This encyclopedia combined with already existing ideas of non-discursive writing in the Platonist tradition to create an idea of hieroglyphs as allegorical emblems, which generated a significant number of Renaissance “neo-hieroglyphic” inscriptions, including the Hypnerotomachia Polyphili as its finest exemplar (Colonna & Godwin 1999). These neo-hieroglyphs were supposed creations of a non-discursive writing system that was instantly understandable to the trained philosopher.

It is from this historical context that the Enlightenment inherits its idea of a perfect and universal language. There is simply a slight shift in emphasis. Rather than the creation of an ideal Platonist language which would reflect ideal forms or the speech of Adam, the universal languages of the Enlightenment sought to empirically derive a notation system which would have mathematical, logical and linguistic precision to represent the entities found by the new science (Kaye 1996). The spirit of the pursuit is similar, but its motivation in the Enlightenment is more earthly than it is heaven-oriented in the Renaissance.

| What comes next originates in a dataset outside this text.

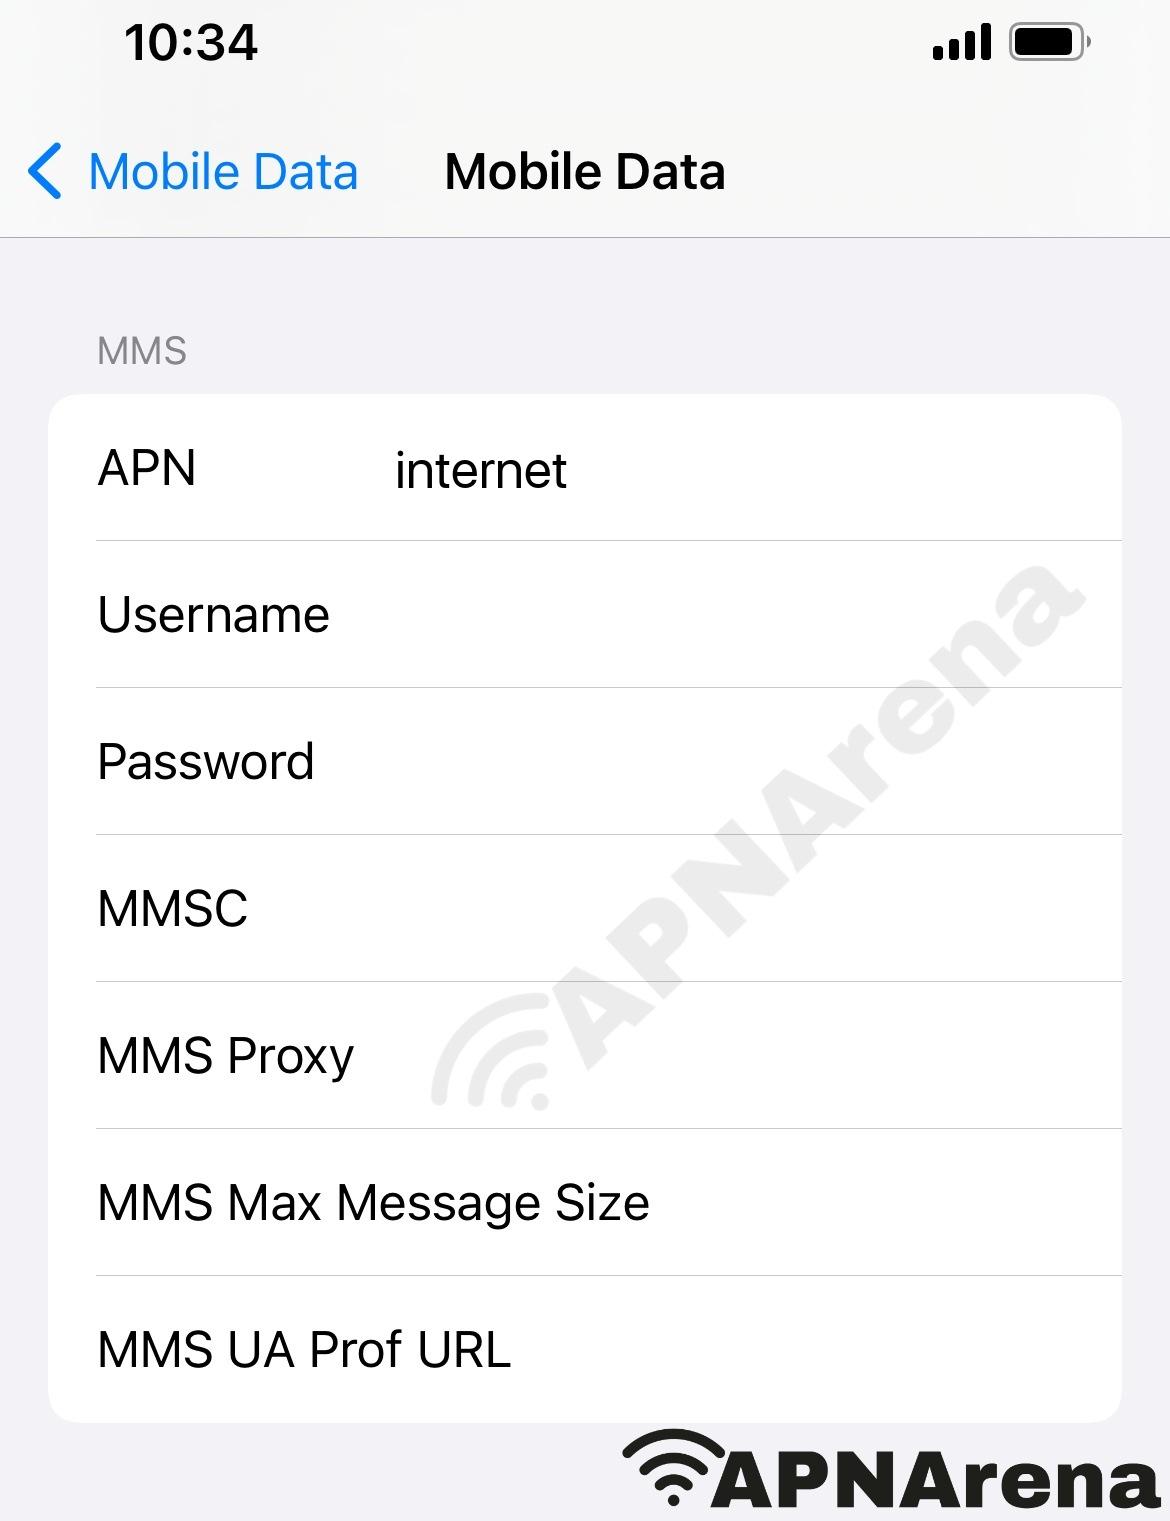 Friendi mobile Oman MMS Settings for iPhone

Yet the idea of real characters as representing unambiguously what they depict remains common throughout both, and this idea of reducing ambiguity through a semantic writing system comes down to us in our own day.

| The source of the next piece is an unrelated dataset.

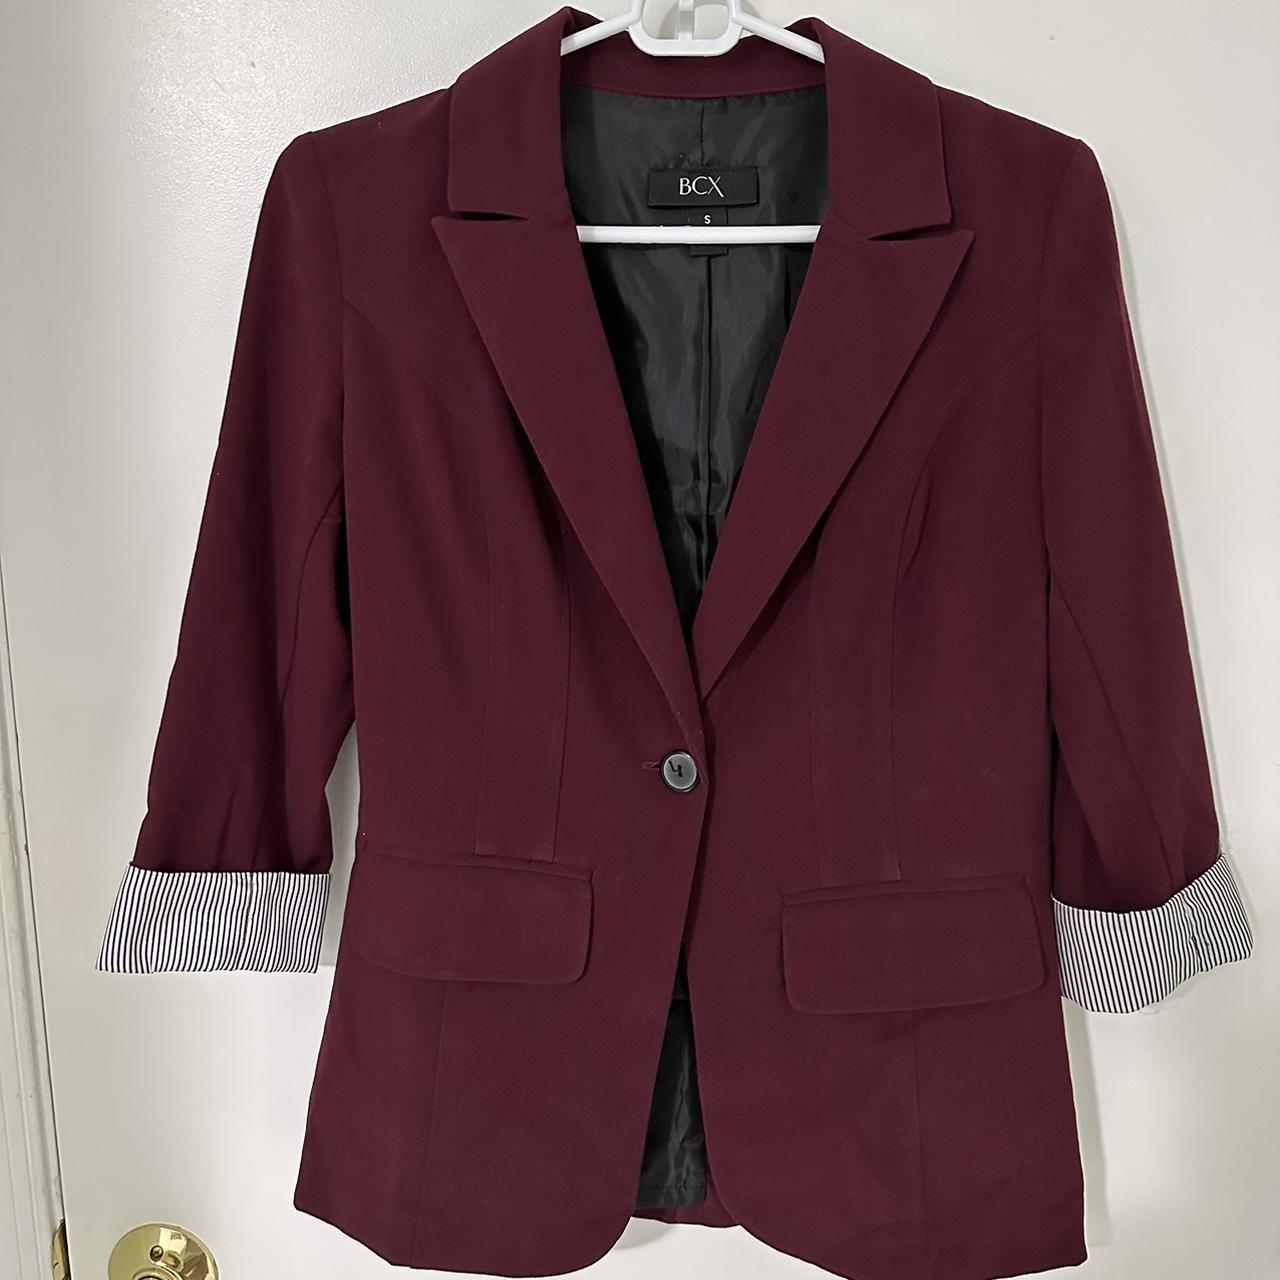 burgundy suit jacket - Depop

If this history—which is really the history of a Platonist reception of Horapollo and the idea of Egyptian writing in general—is to be more than just an excursion into a neglected episode in the history of writing, one must consider what relation the fundamental linguistic assumptions here have to actual ideographic writing systems, in light of the framework outlined in section one.

Were such a symbolic system as what Horapollo described realized it would be considered proto-writing by linguists today, and not true writing. Similarly, the Renaissance reception of Horapollo in the context of emblematic literature is also more akin to seal-stones and other proto-writing inscriptions from the ancient Near East than cuneiform and hieroglyphs. This conviction about the non-phonological nature of ideograms remains unchanged in the scientific revolution, although Bacon and Wilkins there is an obsession with reducing ambiguity which does not exist in the earlier hieroglyphic literature. Even where such linguistic schemes become conflated with mathematics and logic, as in Leibniz (1880), the pictographic or symbolic emphasis remains. Yet pictograms and ideograms remain fundamentally ambiguous, and therefore such approaches can only yield syntactic logical operators similar to Frege’s begriffsschrift and never the universal semantic language its creators aspire to.

In short, attempts to create universal semantic writing systems have been hampered by misunderstandings about the nature of ancient logographic writing systems, which, while they have led to creative misinterpretations that are highly productive, have ultimately made the creation of such systems impossible. What remains to be seen is whether an artificial rebus principle could be created which uses ideas from phonosemantics to clarify the ambiguities in pictograms.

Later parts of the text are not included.